Он приказал Зопиру разыскать Евангела, чтобы тот торопился сюда, но управитель медлил. А почему – неизвестно.
– Нам надо дождаться его, – сказал Перикл врачу.
– Почему? Дорогу найду я сам.
– Я бы хотел выдать тебе соответственное вознаграждение, – объяснил Перикл.
– Я еще буду у тебя, – сказал Гиппократ. – Не могу оставить больного без глаза на долгое время. Как тебе, наверное, известно, я не беру с бедных. Но ты, к счастью, не принадлежишь к их числу. У тебя я возьму – для того, чтобы иметь возможность помочь неимущим.
Перикл проводил врача до порога и распрощался с ним.
После этого он пересек внутренний двор и прошел к больному сыну.
У постели Парала сидела Аспазия.

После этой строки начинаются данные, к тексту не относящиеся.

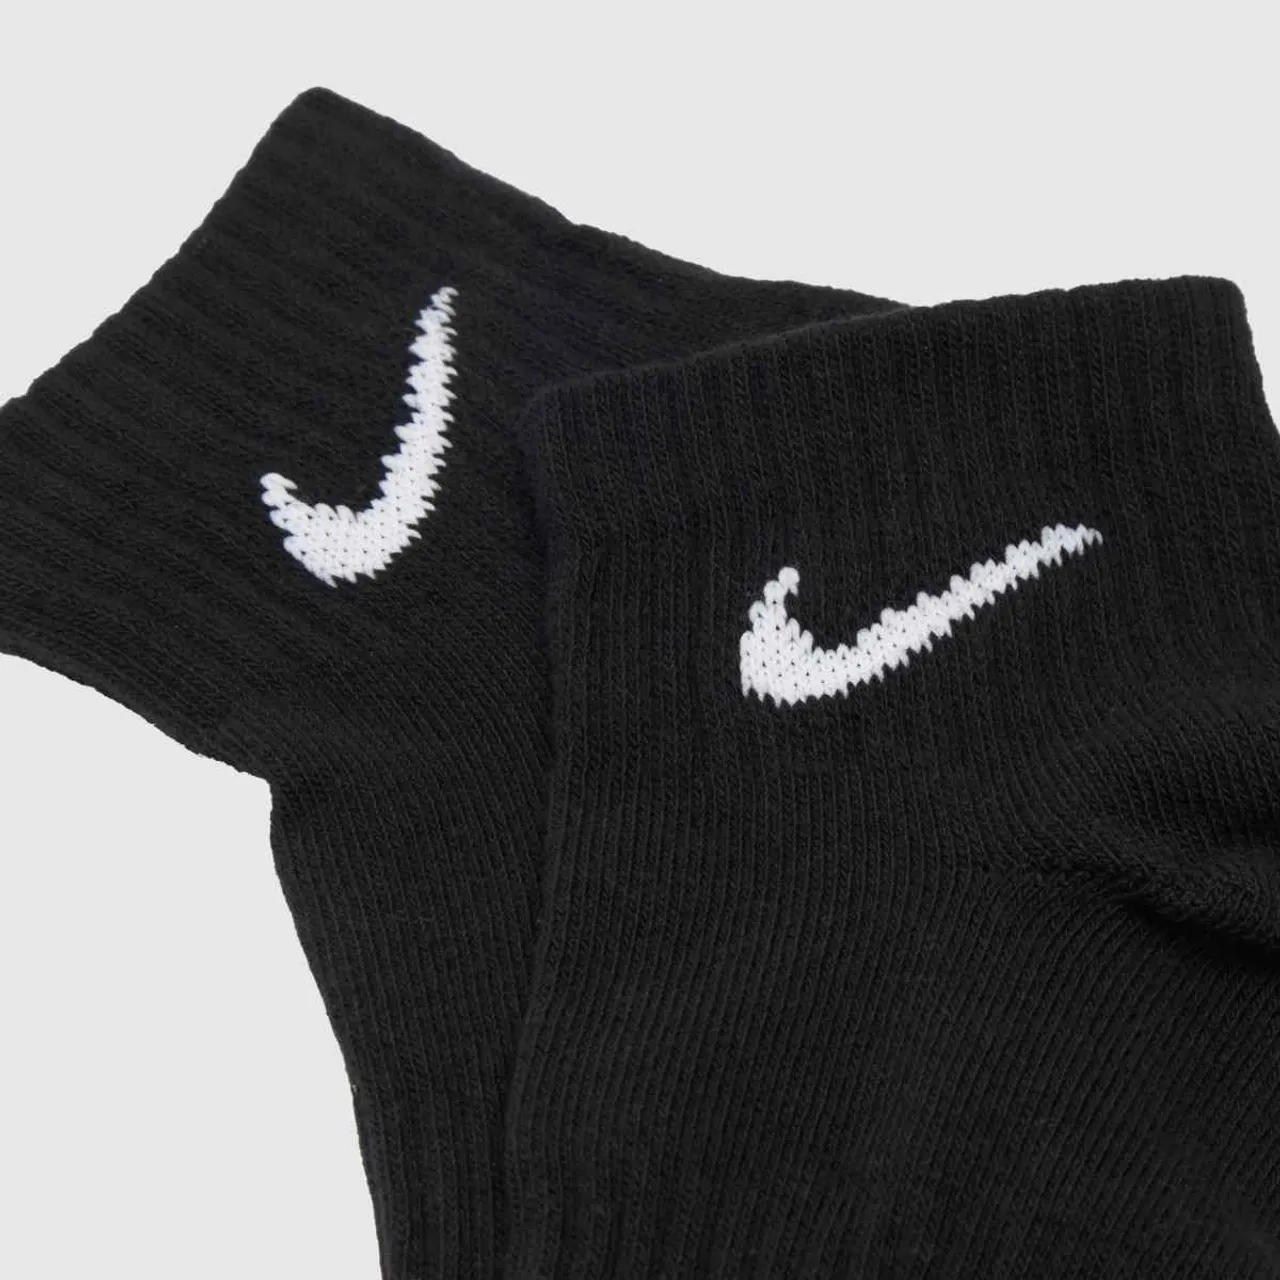 Nike Black & White Ankle Socks 3 Pack
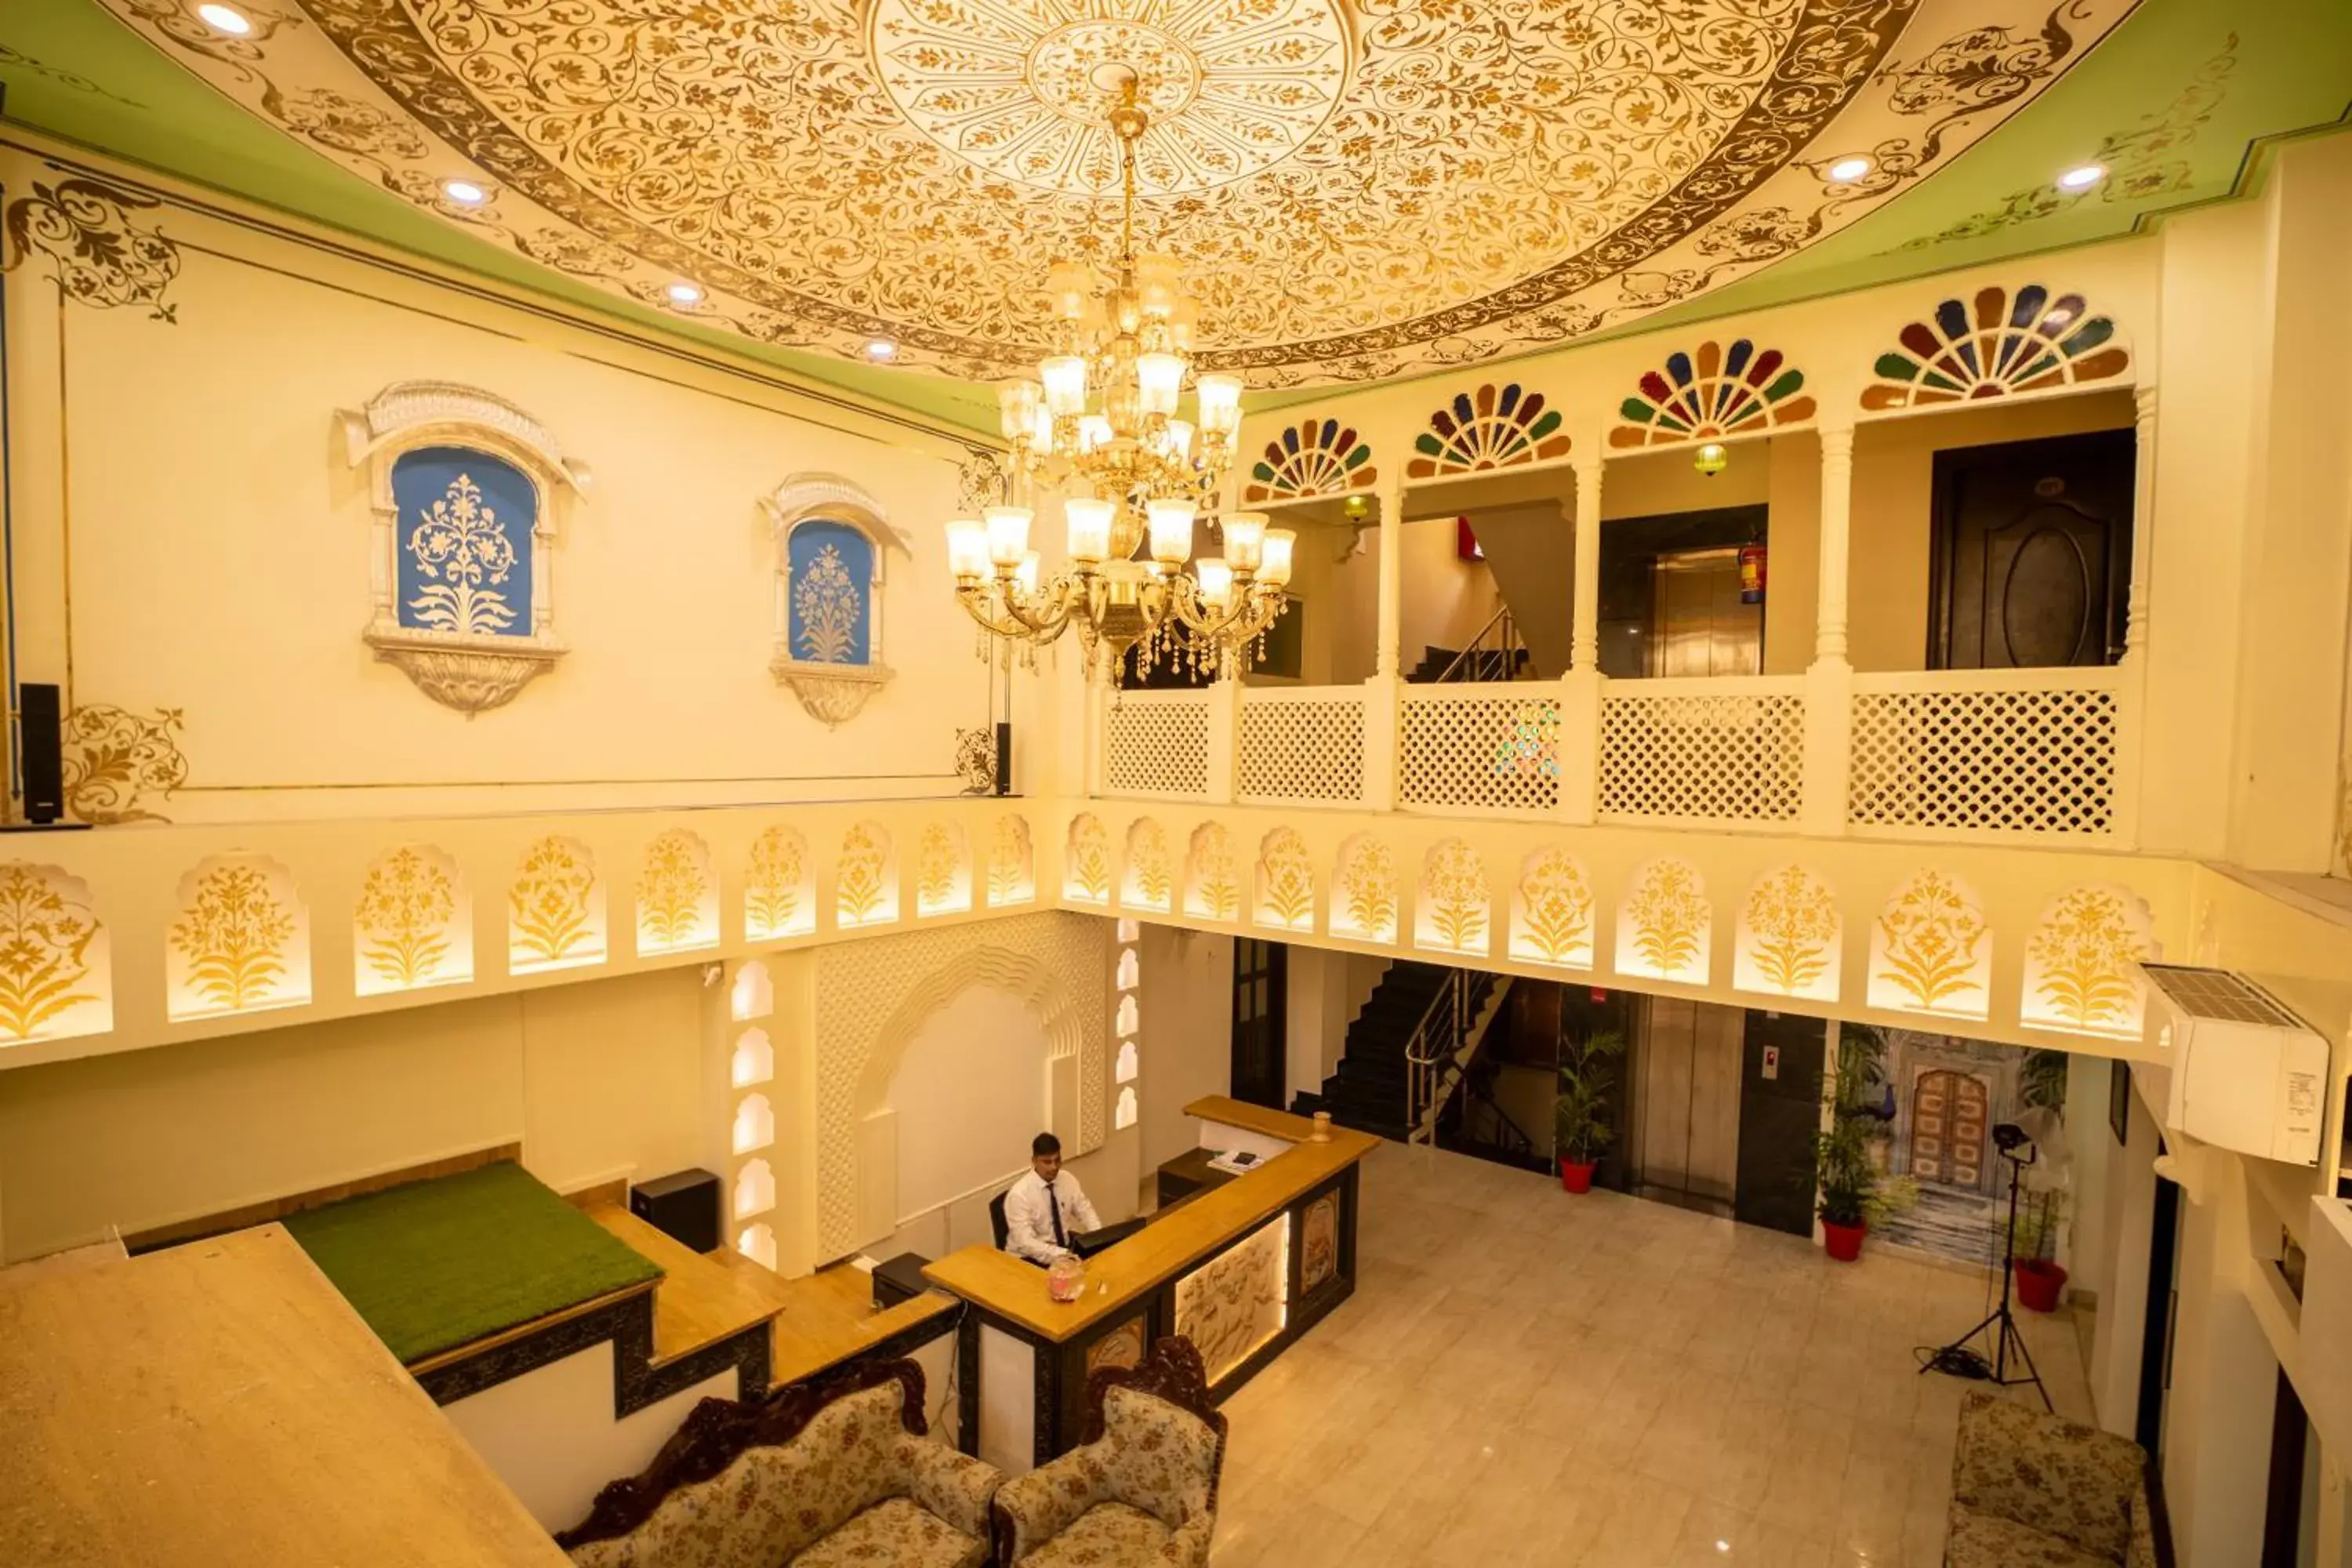 Lobby or reception in Hotel Laxmi Niwas

Она о чем-то тихо шепталась с юношей.
– Отец, – позвал больной, – входи же смелее, мне уже лучше.
Перикл подошел к сыну легким, пружинящим шагом. Заглянул в глаза. Пощупал лоб, мокрый от холодной испарины. Посмотрел на жену, на глаза ее, серые от усталости и забот. Присел на краешек постели.
– Как понравился врач? – спросил он сына.